**Task objective:** Take the entries below and print all of them exactly, please.

[Dataset entries]
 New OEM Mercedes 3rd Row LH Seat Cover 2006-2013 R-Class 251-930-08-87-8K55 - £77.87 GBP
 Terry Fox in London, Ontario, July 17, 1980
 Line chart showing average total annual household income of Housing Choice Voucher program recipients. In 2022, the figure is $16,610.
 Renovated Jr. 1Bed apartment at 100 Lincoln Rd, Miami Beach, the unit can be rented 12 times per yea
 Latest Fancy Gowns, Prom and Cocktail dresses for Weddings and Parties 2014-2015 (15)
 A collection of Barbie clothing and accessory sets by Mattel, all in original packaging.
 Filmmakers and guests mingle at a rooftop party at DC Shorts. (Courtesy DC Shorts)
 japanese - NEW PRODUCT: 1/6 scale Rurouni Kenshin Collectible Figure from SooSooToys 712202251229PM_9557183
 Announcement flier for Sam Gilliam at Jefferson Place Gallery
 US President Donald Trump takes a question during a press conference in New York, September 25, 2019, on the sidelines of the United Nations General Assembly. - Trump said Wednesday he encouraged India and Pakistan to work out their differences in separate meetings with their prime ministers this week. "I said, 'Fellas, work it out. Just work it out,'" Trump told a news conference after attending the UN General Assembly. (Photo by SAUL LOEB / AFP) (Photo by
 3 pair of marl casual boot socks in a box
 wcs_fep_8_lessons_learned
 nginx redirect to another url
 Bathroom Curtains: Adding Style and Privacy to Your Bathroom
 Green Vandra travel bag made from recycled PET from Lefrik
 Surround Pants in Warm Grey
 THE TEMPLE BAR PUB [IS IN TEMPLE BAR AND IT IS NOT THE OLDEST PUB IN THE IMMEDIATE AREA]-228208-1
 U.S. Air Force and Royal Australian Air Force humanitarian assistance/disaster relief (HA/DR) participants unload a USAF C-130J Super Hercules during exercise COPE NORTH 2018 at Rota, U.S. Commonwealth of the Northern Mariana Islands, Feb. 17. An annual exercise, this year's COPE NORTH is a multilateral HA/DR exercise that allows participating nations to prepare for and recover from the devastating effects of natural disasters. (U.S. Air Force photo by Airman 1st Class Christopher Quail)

**Exercise output:**
 New OEM Mercedes 3rd Row LH Seat Cover 2006-2013 R-Class 251-930-08-87-8K55 - £77.87 GBP
 Terry Fox in London, Ontario, July 17, 1980
 Line chart showing average total annual household income of Housing Choice Voucher program recipients. In 2022, the figure is $16,610.
 Renovated Jr. 1Bed apartment at 100 Lincoln Rd, Miami Beach, the unit can be rented 12 times per yea
 Latest Fancy Gowns, Prom and Cocktail dresses for Weddings and Parties 2014-2015 (15)
 A collection of Barbie clothing and accessory sets by Mattel, all in original packaging.
 Filmmakers and guests mingle at a rooftop party at DC Shorts. (Courtesy DC Shorts)
 japanese - NEW PRODUCT: 1/6 scale Rurouni Kenshin Collectible Figure from SooSooToys 712202251229PM_9557183
 Announcement flier for Sam Gilliam at Jefferson Place Gallery
 US President Donald Trump takes a question during a press conference in New York, September 25, 2019, on the sidelines of the United Nations General Assembly. - Trump said Wednesday he encouraged India and Pakistan to work out their differences in separate meetings with their prime ministers this week. "I said, 'Fellas, work it out. Just work it out,'" Trump told a news conference after attending the UN General Assembly. (Photo by SAUL LOEB / AFP) (Photo by
 3 pair of marl casual boot socks in a box
 wcs_fep_8_lessons_learned
 nginx redirect to another url
 Bathroom Curtains: Adding Style and Privacy to Your Bathroom
 Green Vandra travel bag made from recycled PET from Lefrik
 Surround Pants in Warm Grey
 THE TEMPLE BAR PUB [IS IN TEMPLE BAR AND IT IS NOT THE OLDEST PUB IN THE IMMEDIATE AREA]-228208-1
 U.S. Air Force and Royal Australian Air Force humanitarian assistance/disaster relief (HA/DR) participants unload a USAF C-130J Super Hercules during exercise COPE NORTH 2018 at Rota, U.S. Commonwealth of the Northern Mariana Islands, Feb. 17. An annual exercise, this year's COPE NORTH is a multilateral HA/DR exercise that allows participating nations to prepare for and recover from the devastating effects of natural disasters. (U.S. Air Force photo by Airman 1st Class Christopher Quail)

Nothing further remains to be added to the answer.